JK: I think that’s probably true. On the one hand, you have all these solitary thoughts and feelings, though no doubt created and defined by some relation to other minds, and then you try and put them into language, if they do not already exist as language, which only means anything if it is legible to other people. When you try to do new things with language it is almost as though you are submitting minor alterations to the universal committee of your fellow speakers. I’m not sure where language philosophers are at these days with the possibility of a private language, but the idea seems meaningless to me.

But decisions, the idea of control, are probably less independent of others than we can be led to assume. Writing in a predetermined form is maybe the clearest example of spontaneity set against the control of form. Though when that is working best it feels harmonious, or contrapuntal, not antagonistic. That feeling, almost like a dance of control surrendered and asserted, accompanies, often rarely, the best stretches of writing. There is something almost companionable about it, the way friends banter. Maybe some of that appears in this poem about my brother. Though, as you say, it culminates in my decision, whatever that decision is. A natural ending place for a poem is an epiphany, but I wanted to conceal the nature of that decision from the reader (maybe in an over-reaching reassertion of control) because I wondered whether the movement of a decision, and the pleasure that is joined to it, could work alone as a concluding gesture.

Apparently, the last thing Henry James said before he died was “So it has come at last, the distinguished thing!” but I don’t think anyone can say for certain what “it” was.

BL: “Whenever you lose a thing / it helps less to ask how it’s made you poorer / than how it’s made you sharper.” This line, from “The Crisis Men and the King of Sacrifices,” attests to loss as a sort of whetstone. Can you talk about this poem, which brings the reader into the psychology of a people trying to fortify their town against impending crisis?

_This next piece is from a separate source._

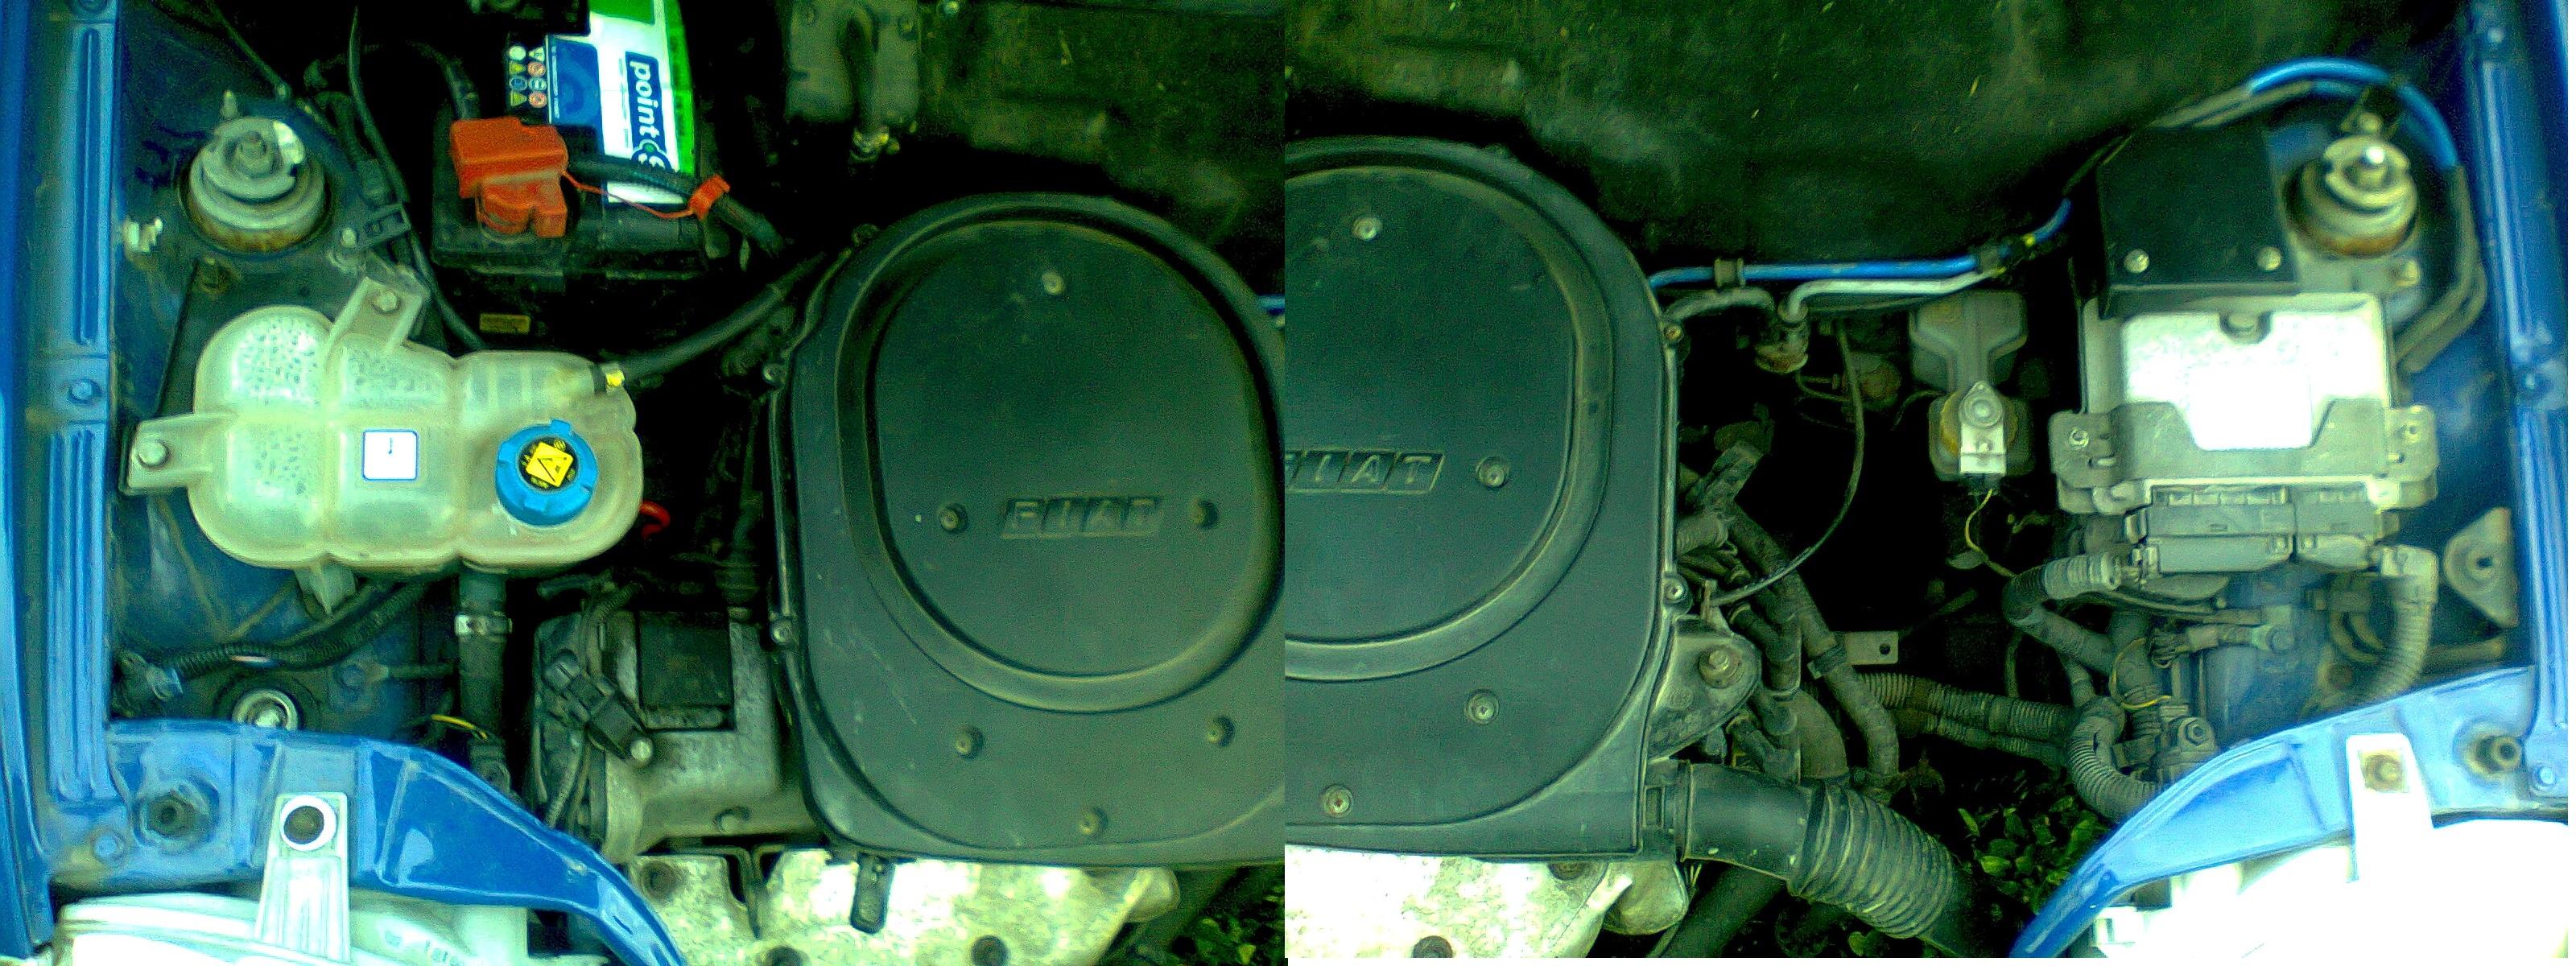 seicento 1.1 MPI - Czujnik temperatury silnika

JK: I wrote that poem one summer when I was reading a lot of Livy. I wanted to make something that almost read as a paragraph extracted from a vaster work that is for whatever reason no longer available. Livy definitely has theories about history, but he reads as more of a chronicler than a historian, if that distinction still obtains.

Catastrophes have a way of simplifying life, perhaps because they threaten it utterly. You enter into a desperate relationship with possibility, the first stage of which is identifying necessity and devoting yourself to it exclusively. The image you mention belongs to a sort of poetry that I try to avoid, which is the poetry of reassurance and euphemism. But again, maybe catastrophe brings that out of you.


Joseph Kidney is a Canadian poet whose poems have appeared in Best Canadian Poetry and are forthcoming in The Iowa Review. He won a National Magazine Award Gold Medal for Poetry and the Poem of the Year award from Arc. His full-length debut, Devotional Forensics, was published with icehouse poetry in 2025. He currently works as a lecturer at Stanford University, where he completed his PhD in Renaissance drama.

Benjamin Libman is the author of The Third Solitude: A Memoir Against History (2025) and Voyeur, forthcoming from Coach House Books. His essays and reviews have appeared in The New York Times, The Yale Review, New Left Review, and elsewhere.